O Necaxa ruiria pouco depois, perdendo parte de sua identidade a partir do segundo semestre de 2003. Diante das médias de público que não passavam dos 15 mil pagantes mesmo nos anos vitoriosos, a Televisa avaliou que era melhor tirar os Rayos do Estádio Azteca. A ameaça vinha desde as temporadas anteriores, mas o impacto do time ajudava a segurá-lo na Cidade do México. No entanto, a partir do Apertura 2003, os rojiblancos começaram a mandar seus compromissos em Aguascalientes – cidade de 1,3 milhão de habitantes a 480 quilômetros da capital. A transferência poderia até fazer sentido financeiramente. Porém, alijou o clube de sua fiel torcida e interrompeu aquela era vitoriosa.

Aguinaga também deixou o Necaxa no segundo semestre de 2003. Aclimatado à Cidade do México, preferiu não se mudar a Aguascalientes e assinou um contrato com o Cruz Azul. O veterano permaneceu com os Cementeros apenas por seis meses, antes de retornar a Quito em 2004, contratado pela LDU. Encerraria sua carreira na temporada seguinte, aos 37 anos, ajudando seu novo clube a fazer bons papéis na Libertadores. Além do mais, ainda participou de sua oitava Copa América em 2004, despedindo-se da seleção com o recorde da competição.

Ao todo, Aguinaga defendeu o Necaxa por 14 anos. Conquistou sete títulos com a camisa rojiblanca e disputou 543 partidas, recorde da agremiação. A grandeza dos Rayos durante a era profissional se restringe praticamente à passagem do maestro pelo México. E aquele Mundial de Clubes seria um marco importante nesta história, justamente por sublinhar ao resto do planeta o ápice da “Equipe da Década”. O torneio escancarou a idolatria e o protagonismo de um craque que representa demais ao futebol mexicano.

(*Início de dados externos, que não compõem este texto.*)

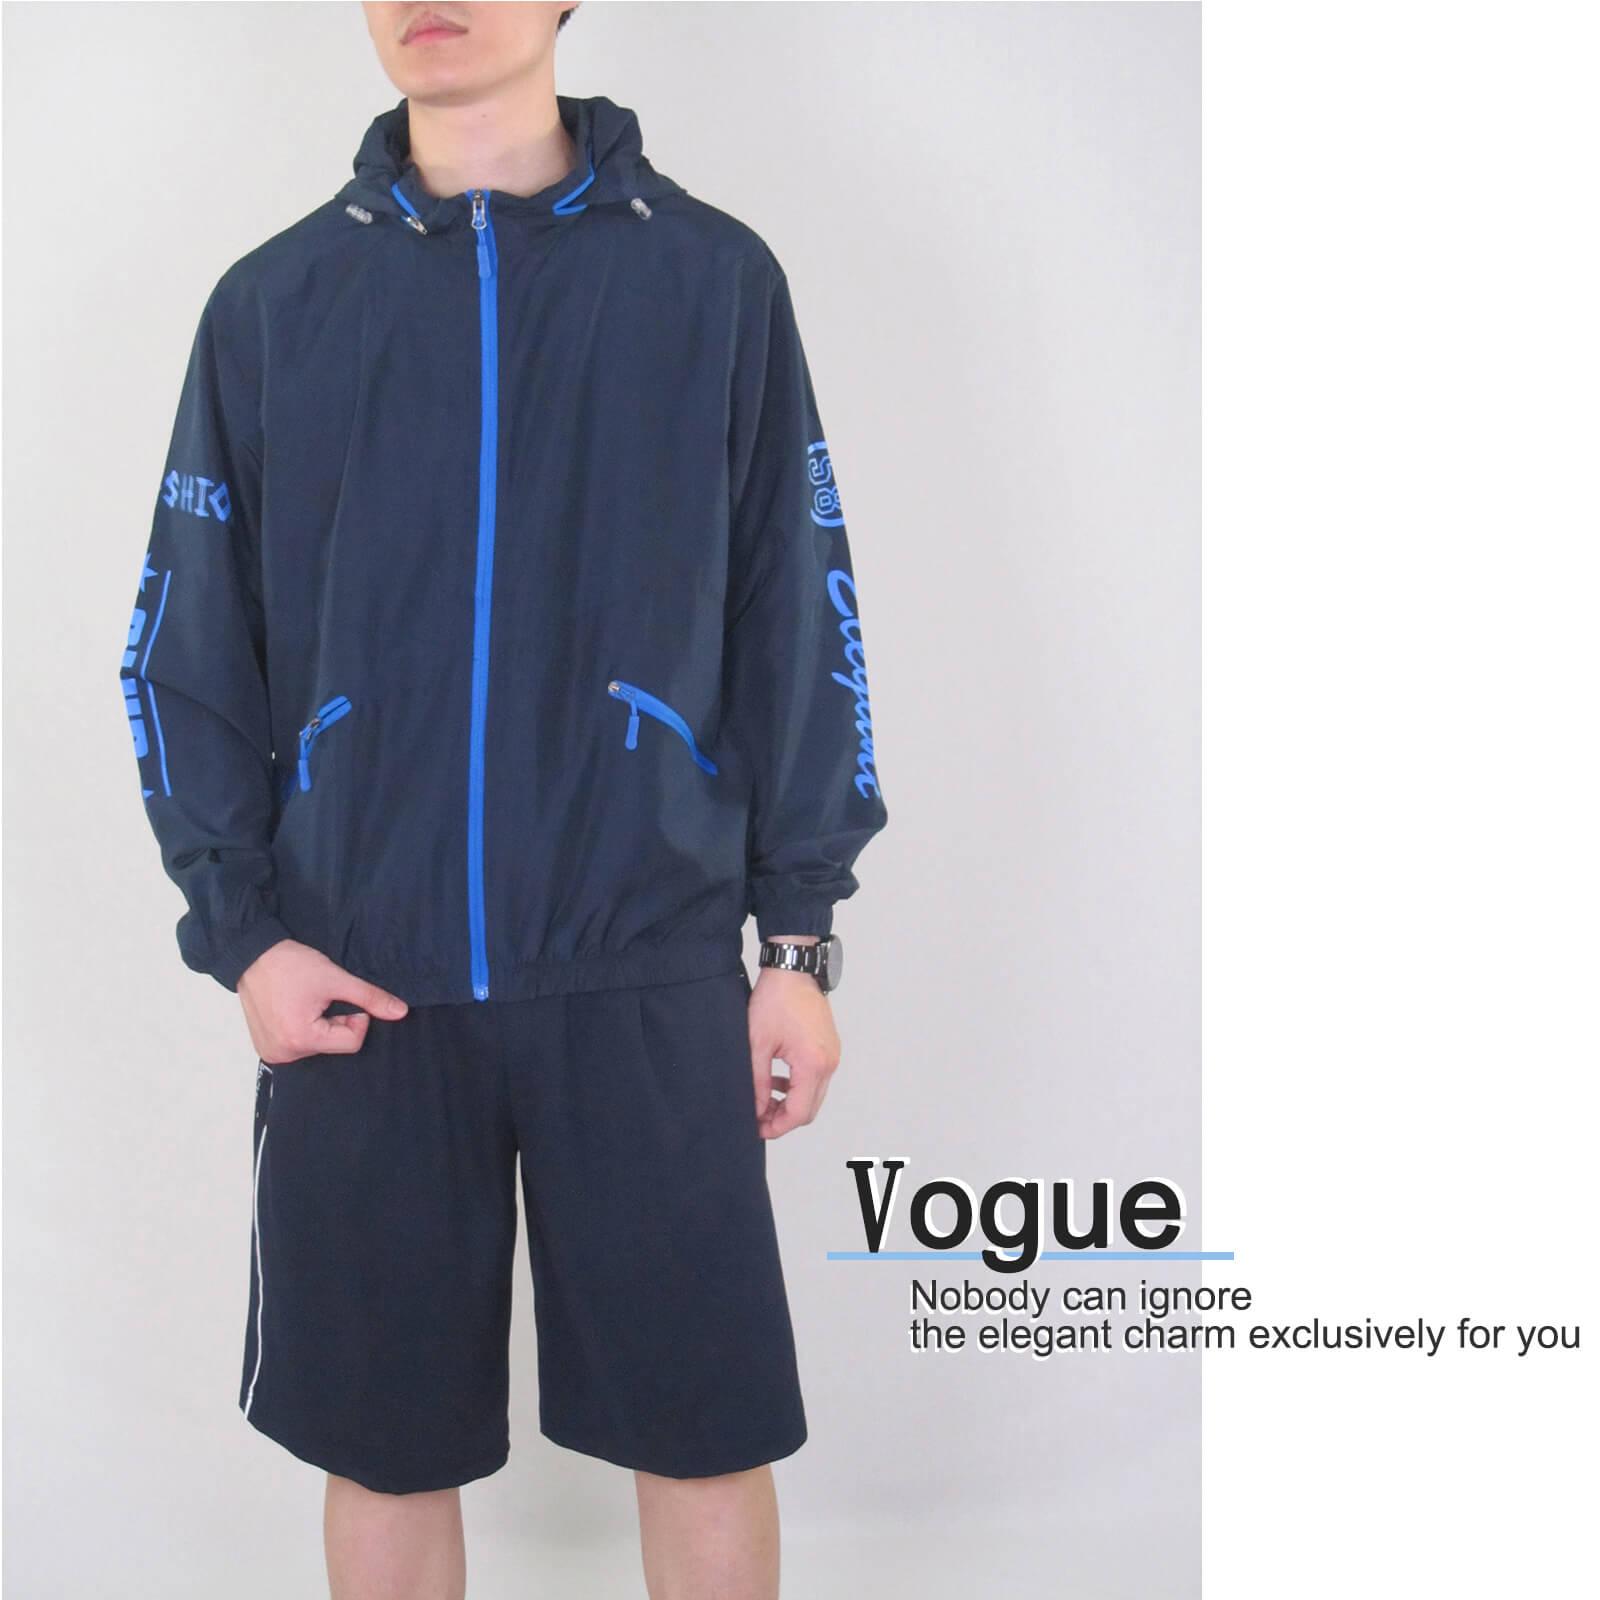 配色薄外套 遮陽防曬休閒外套 防風外套 運動暖身外套 風衣外套 JACKET (321-8878-01)螢光綠、(321-8878-02)深藍色、(321-8878-03)黑色 M L XL 2L(胸圍44~50英吋) [實體店面保障] sun-e 3

Duas décadas depois dos sonhos no Maracanã, o Necaxa tenta se restabelecer no Campeonato Mexicano. O clube amargou duas passagens pela segunda divisão nacional a partir de 2009 – a última delas, durando cinco anos. Desde a saída da Televisa, em 2014, as perspectivas melhoram e os Rayos voltaram a ser mais competitivos na Liga MX. Ainda assim, não conseguem repetir em Aguascalientes o sucesso de seus melhores dias na Cidade do México. Talvez se um novo Aguinaga surgir, para guiar outra vez a sofrida torcida rojiblanca ao topo do futebol nacional.